What you are asked to do -> Type the data below again exactly. Omit all pictures.

Raw data ->
-=-=-

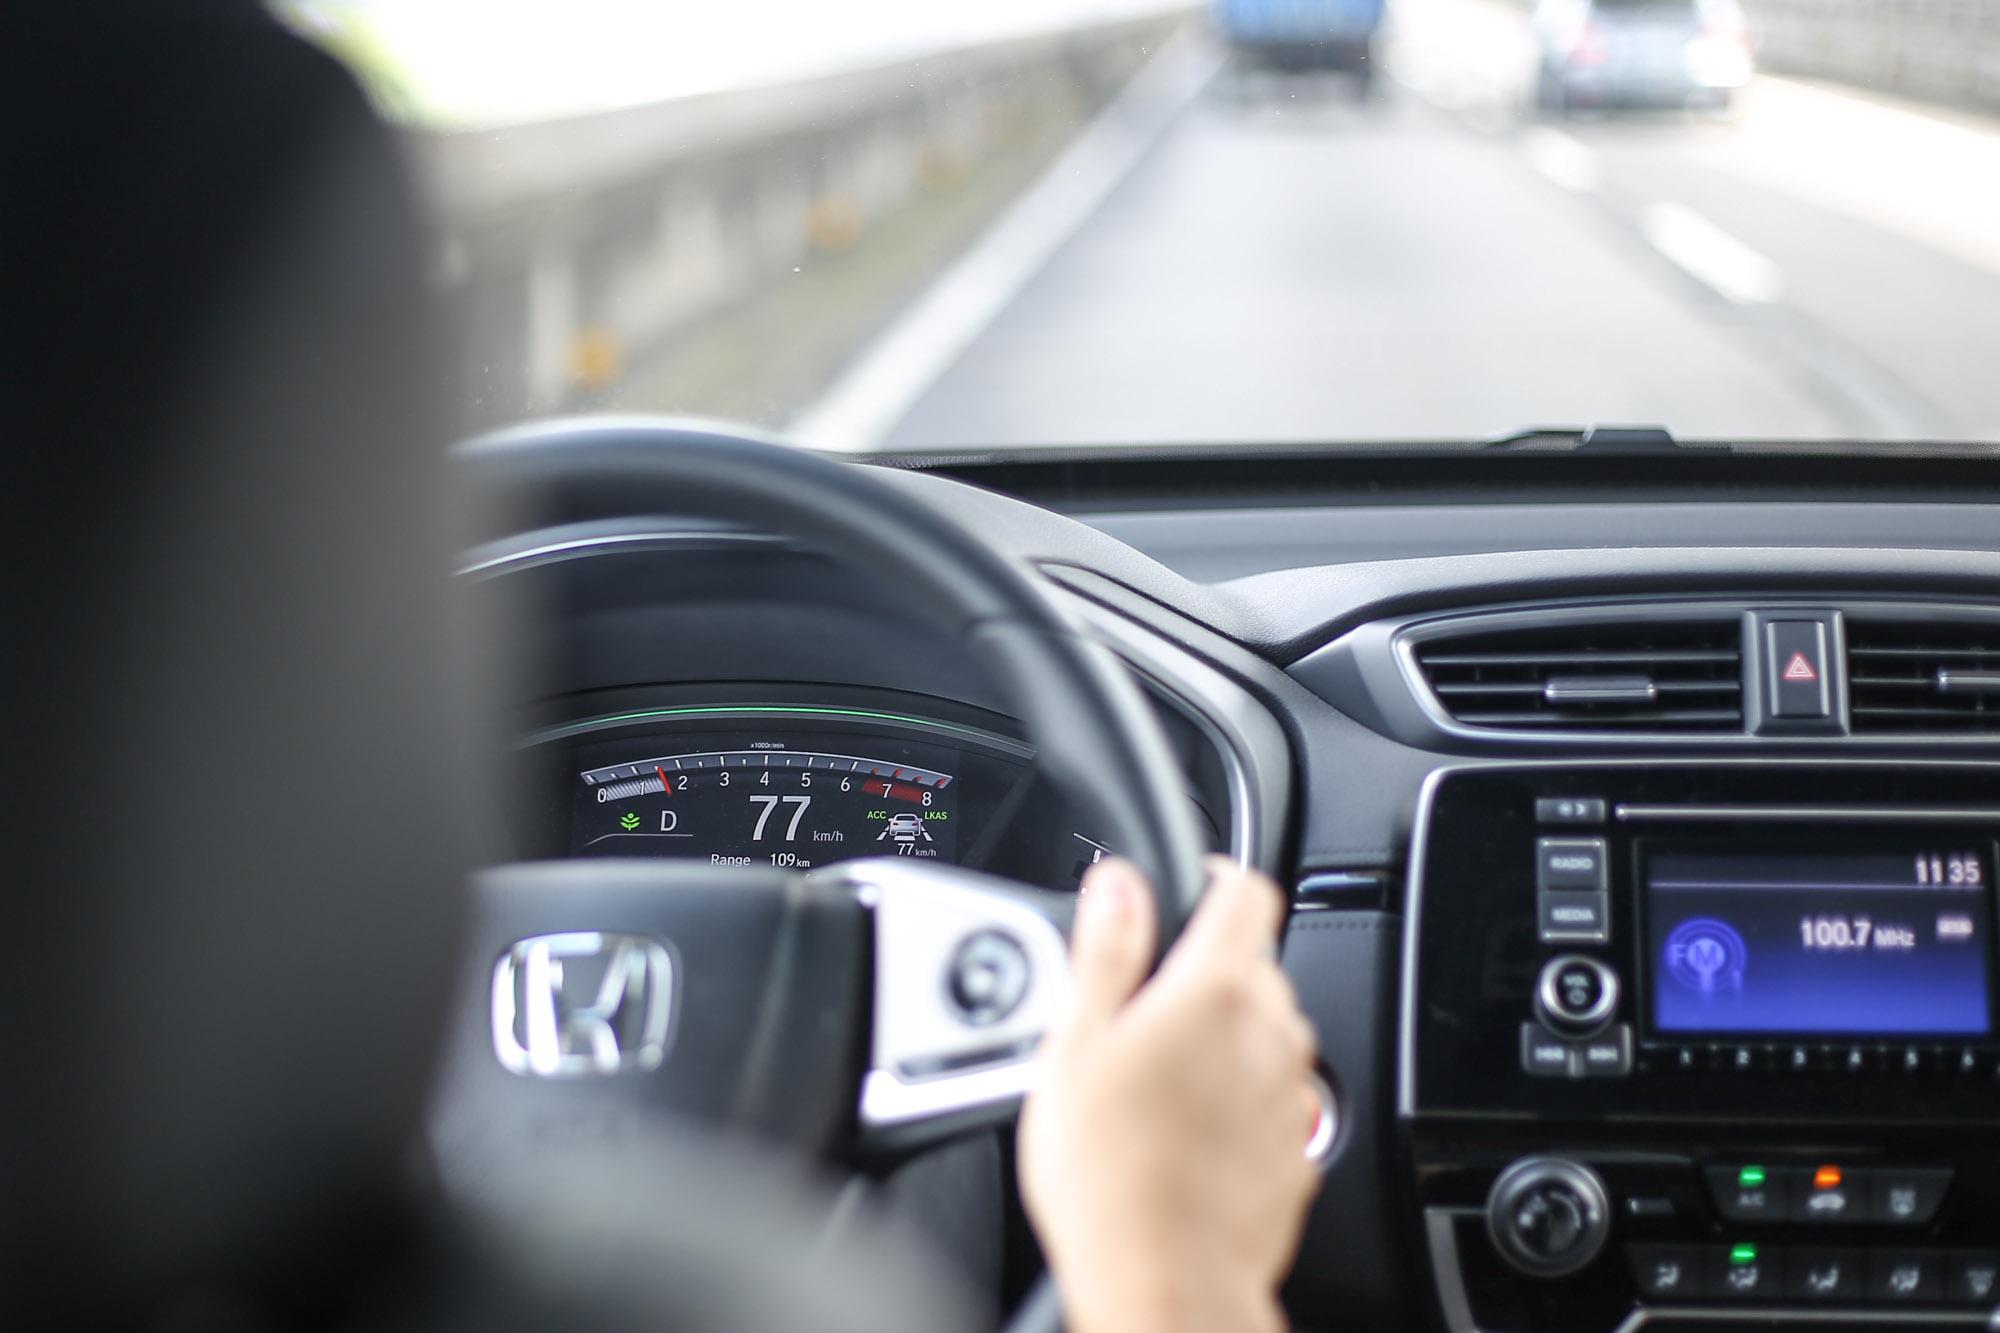 入門的 VTi 車型就配有 Level 2 等級的自動駕駛科技 Honda SENSING 智慧安全主動防護系統。
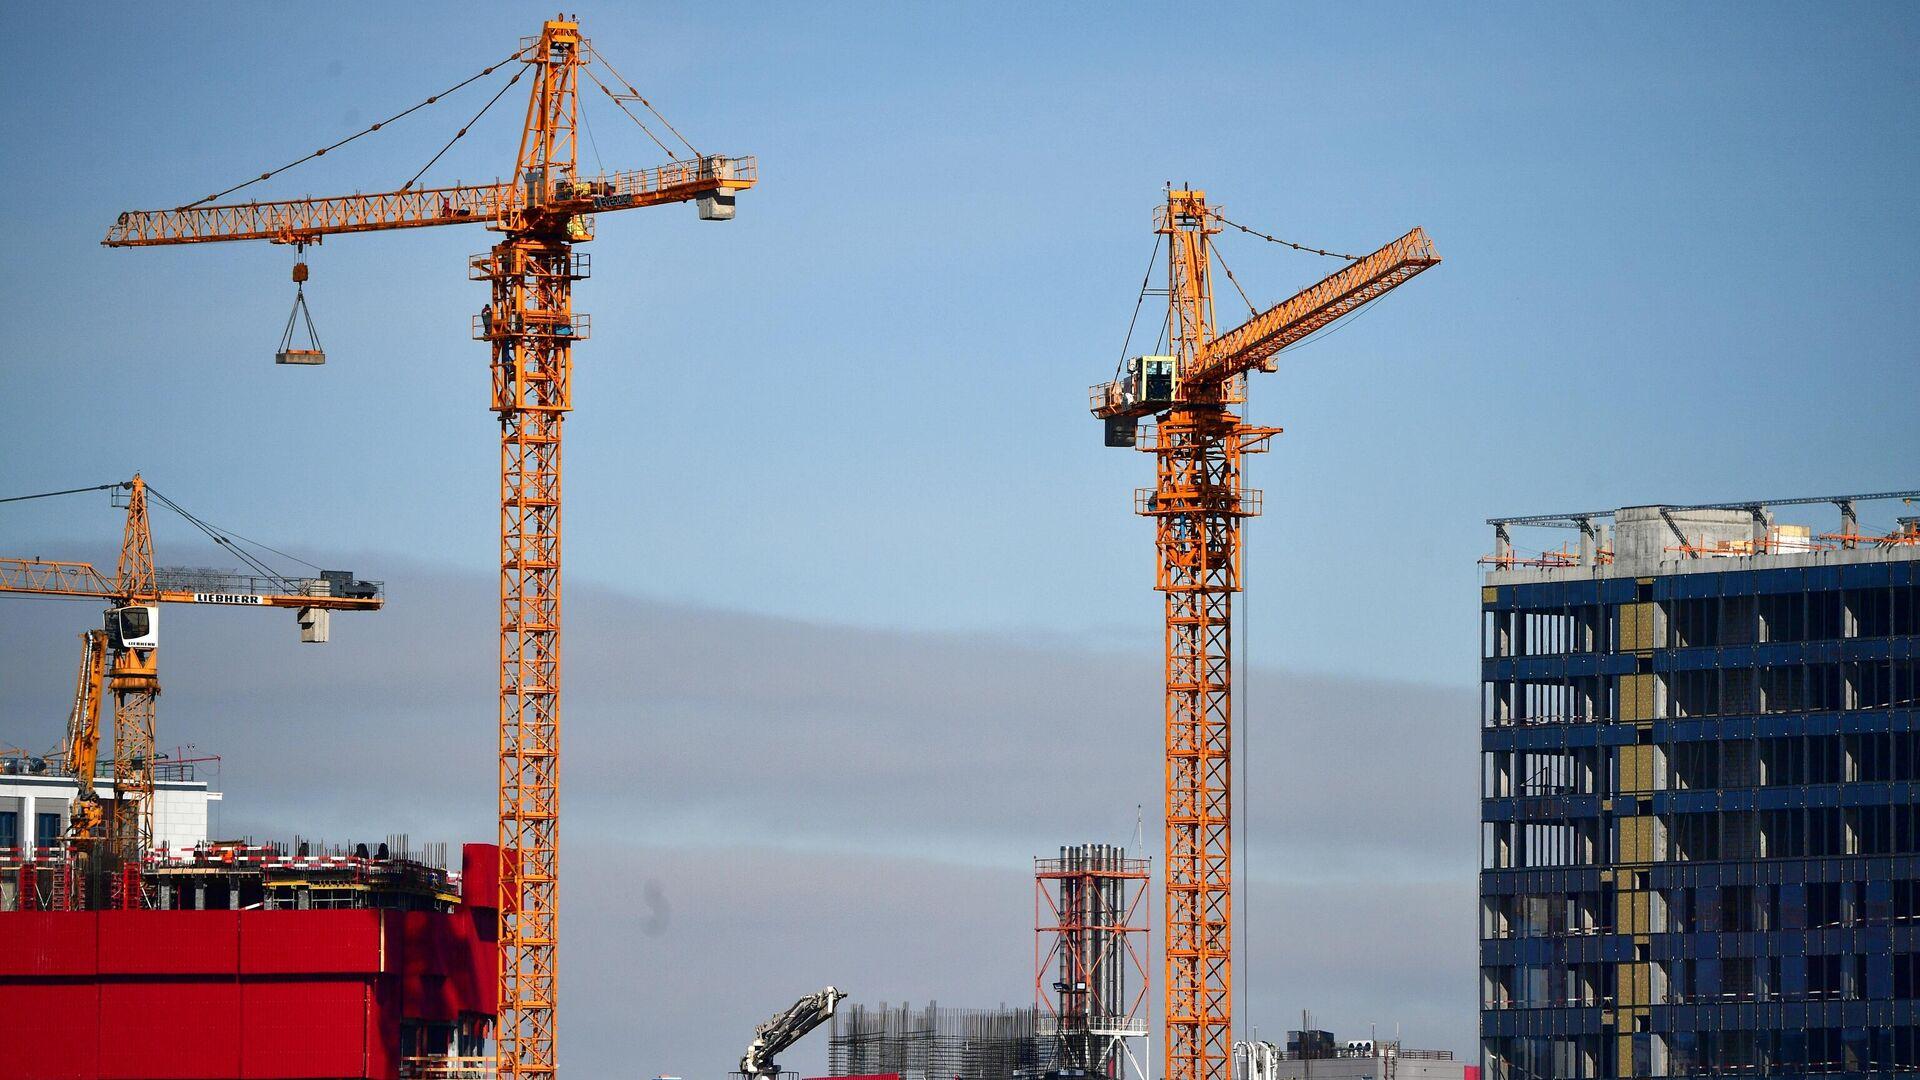 Строительство новых домов в Москве - РИА Новости, 1920, 29.04.2021
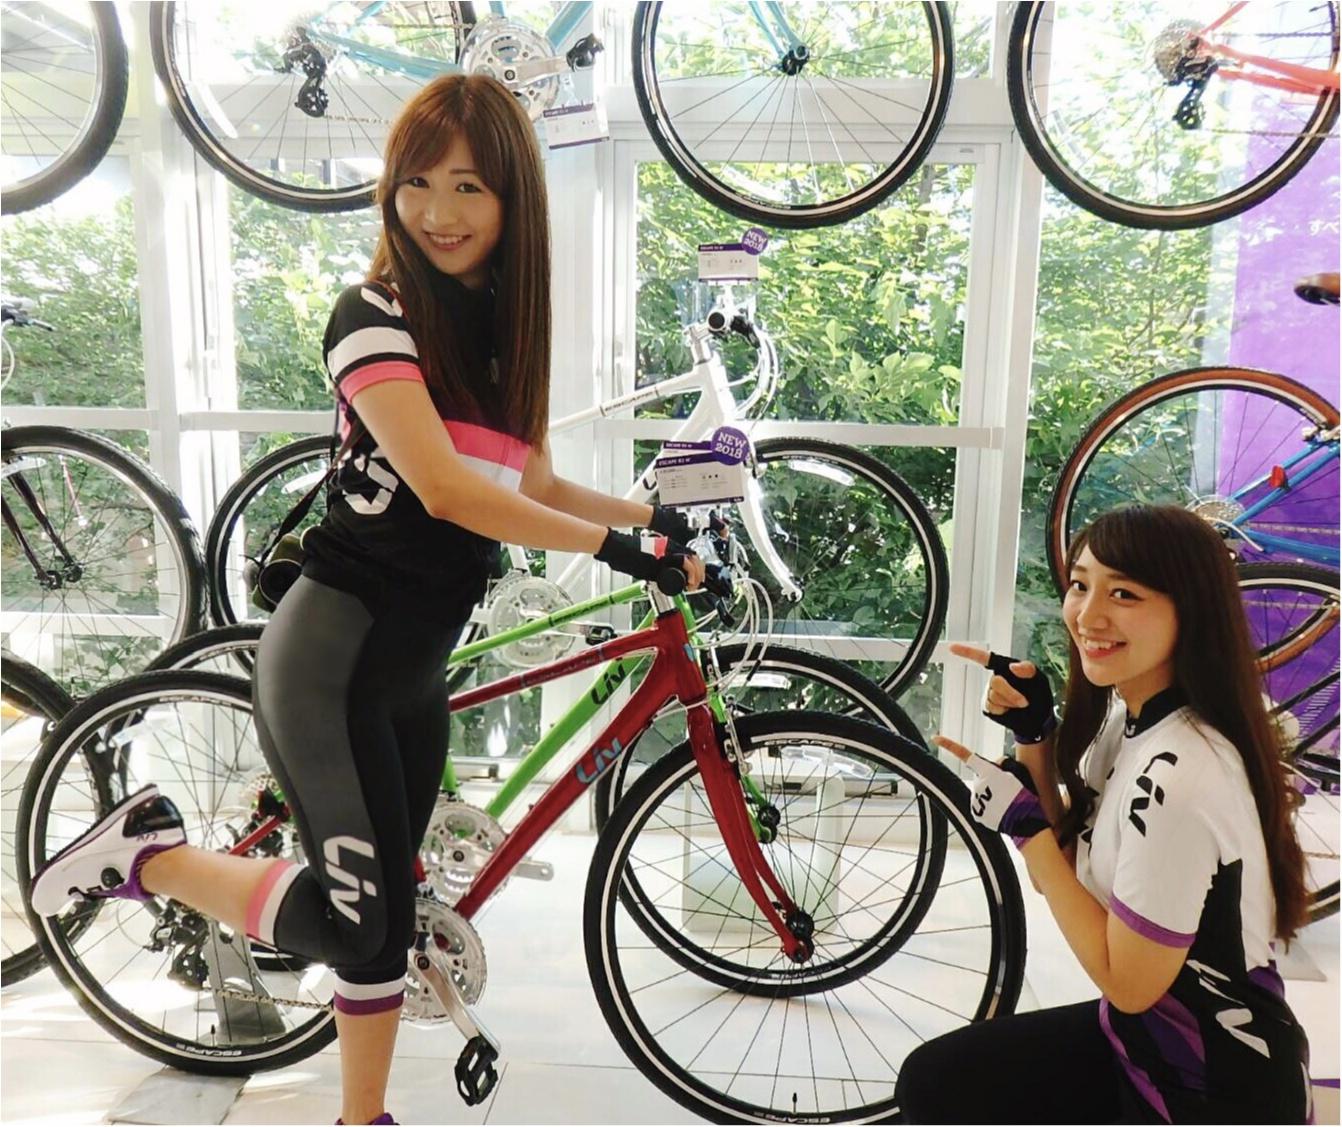 「ツール・ド・東北」完走のため一緒にがんばる相棒♡わたしたち三人娘の自転車を徹底解説!【#モアチャレ さえ】_5

-=-=-

Task answer ->
 入門的 VTi 車型就配有 Level 2 等級的自動駕駛科技 Honda SENSING 智慧安全主動防護系統。
 Строительство новых домов в Москве - РИА Новости, 1920, 29.04.2021
 「ツール・ド・東北」完走のため一緒にがんばる相棒♡わたしたち三人娘の自転車を徹底解説!【#モアチャレ さえ】_5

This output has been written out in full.